Contribution of Oral Bacteria to Candida Virulence and Denture Stomatitis

Objectives: The oral infection, denture-associated stomatitis (DS), affects up to 60% of denture-wearers, presenting as areas of palatal inflammation. It is associated with microbial biofilms containing Candida albicans on denture-fitting surfaces. The contribution of oral bacteria within these biofilms to infection is unclear, therefore research demonstrating the in-vitro impact of bacteria upon infection prognosis is necessary to improve treatment regimes. This in vitro study evaluated the impact of bacteria on Candida virulence, and evaluated bacterial microbiomes at specific oral sites in DS and non-DS patients to determine associations with infection.
Methods: In vitro biofilm studies assessed expression of C. albicans virulence factors (morphological transformation, adhesins, hydrolytic enzymes), and their impact on pathogenesis in an infection model. Microbiological specimens were clinically obtained from the tongue, palate and denture-fitting surface of 19 denture-wearing patients (DS n=8, non-DS n=11). Bacterial DNA was extracted and differences in the bacterial microbiomes determined by next generation sequencing using 16S rRNA gene targets.

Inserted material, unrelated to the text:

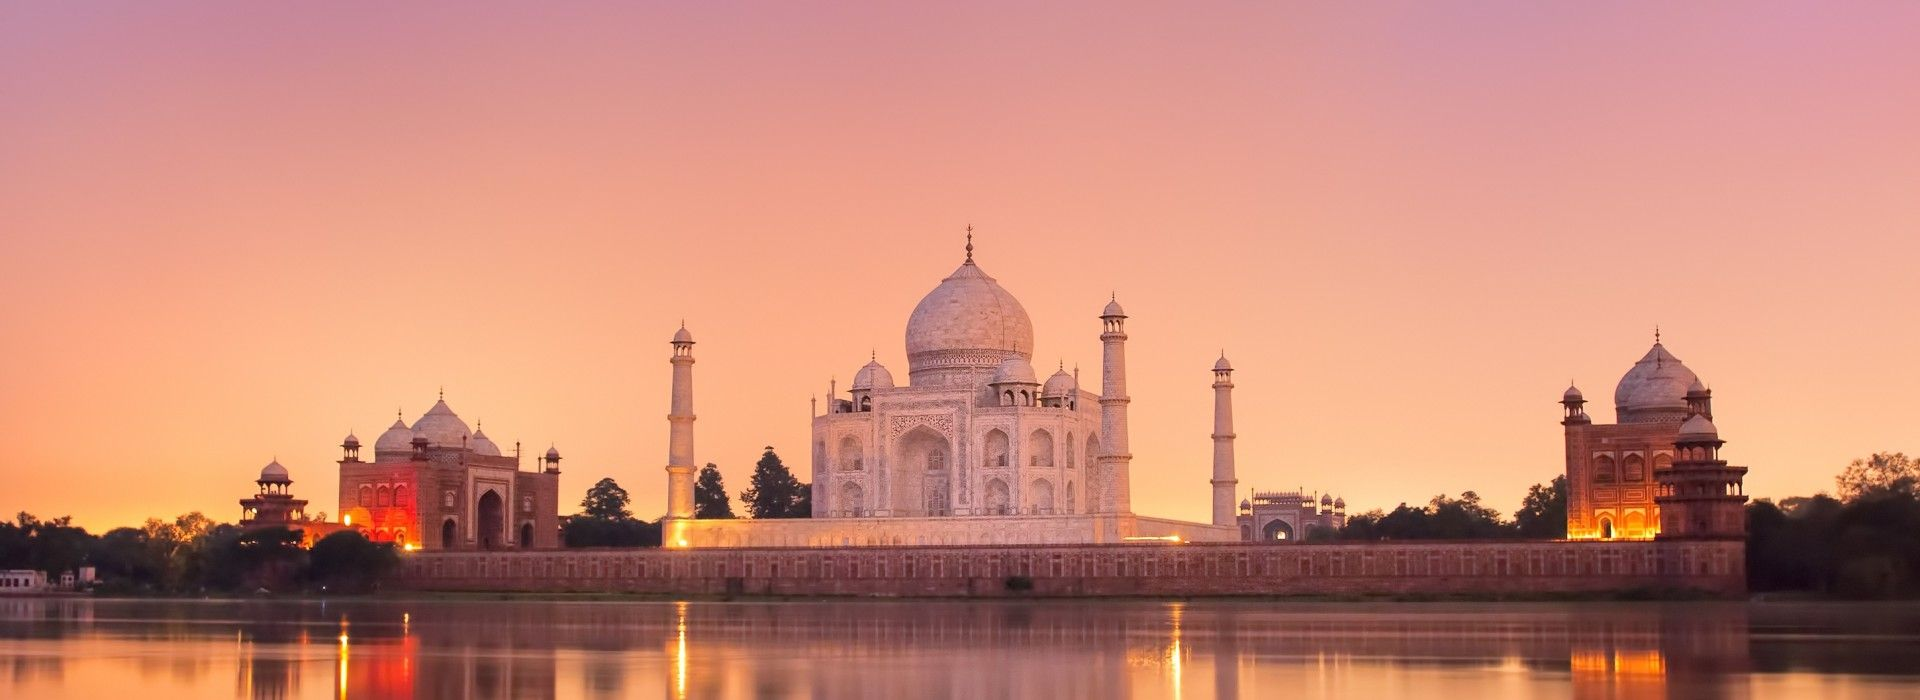 Art and architecture Tours in Varanasi

Results: Certain oral bacterial species significantly (P<0.05) modulated C. albicans virulence factor expression. In biofilms where virulence was enhanced, substantially enhanced tissue damage in model systems was observed. Metataxonomic analyses revealed a significant (P=0.007) increase in the number of bacterial species (diversity) in samples of the tongue of non-DS patients, but no significant differences between DS and non-DS patients when considering the denture-fitting and palate surfaces. Differences in the relative abundance of bacterial species common to both DS and non-DS patients, at other sample sites were also evident.
Conclusions: The in vitro modulating capacity of bacteria toward Candida virulence, and the observed species-level differences in bacteria between DS and non-DS patients highlight the need for consideration of the bacterial composition of oral biofilms in understanding the pathogenesis of DS and its management.